I let my hand slip away from his nape, giving him the space he’s silently asking for, but I shift closer until our knees are touching. I know what he means, and I hate that he feels it. I need him to know that while I’m holding the glass, I’m not holding him captive. "You always have a choice, Ryan."
"Doesn’t feel like it."
I reach down and find his hand, the skin dry and papery. I gently pull until he unwraps his arm from around his legs, and I lace our fingers together, forcing a connection he’s too exhausted to initiate. "Then choose me anyway," I whisper. "Forget everything else. Just choose to stay here with me."

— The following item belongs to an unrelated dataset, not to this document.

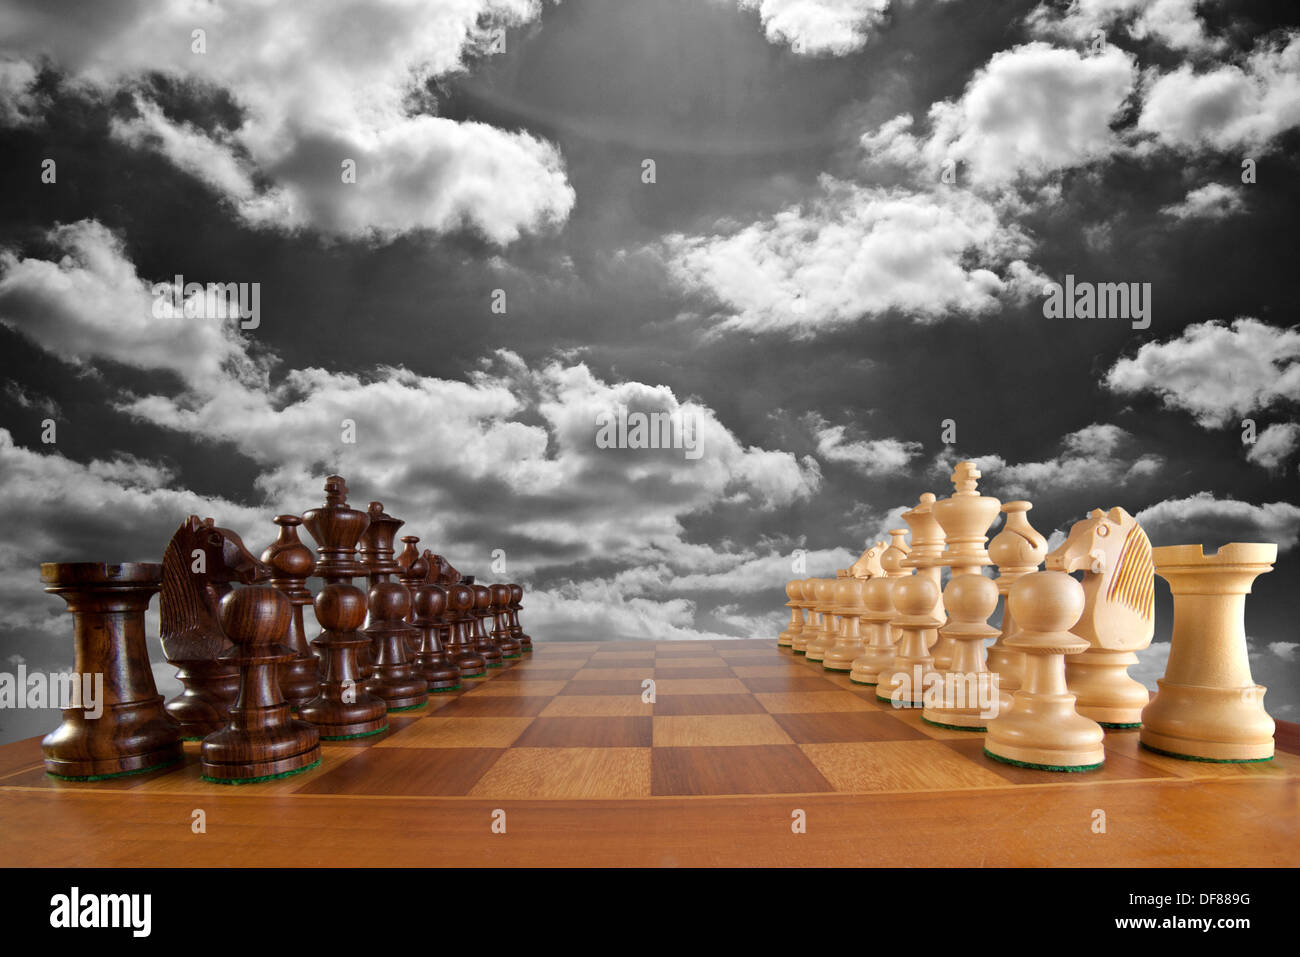 alert,attention,anticipate, analise,analize,achieve,Carlsen, So, Ivanchuk, Kasparov, Karpov, Fischer, Botvinnik, Capablanca, Lasker, Korchnoi, Spassky, Chess set pieces game panorama distorted, Giant, Chess, pieces, Game, Abstract concept special effects, strategy, theory, rational, study, mathematical, model, Magnus Carlsen,Ian Nepomniachtchi,Dubai, Stock Photo

He watches me with a look I can’t decipher. It’s too clouded, a turbulent mix of gratitude, resentment, and a bone-deep weariness that no amount of serotonin could fix. He glances at the pills, then back at me. "Can I try a bit later?" he asks, his voice cracking. "I just... I can't right now. Everything's too loud."
"Of course," I say, nodding immediately. Because this is him still trying, even if it’s delayed. I start to stand, reaching for his underarms. "Let’s get you to bed—"
"No," he says softly.
I settle back down, my weight sinking into the tile again. I watch him close his eyes. His expression tightening just slightly...barely noticeable but enough for me to catch it. Like something inside him shifted wrong. Pain. A quiet and secret spike he clearly doesn't want to admit is there.
"I just want to sit here for a bit," he murmurs, his grip on my hand tightening just a fraction. "Quietly."
I give a slow nod, leaning my back against the wall and pulling his hand into my lap.
“Okay.”
We sit there in the bright bathroom. And this time, I don’t reach for words or solutions. I just sit beside him, close enough that if he leans, even a little, I’ll be there.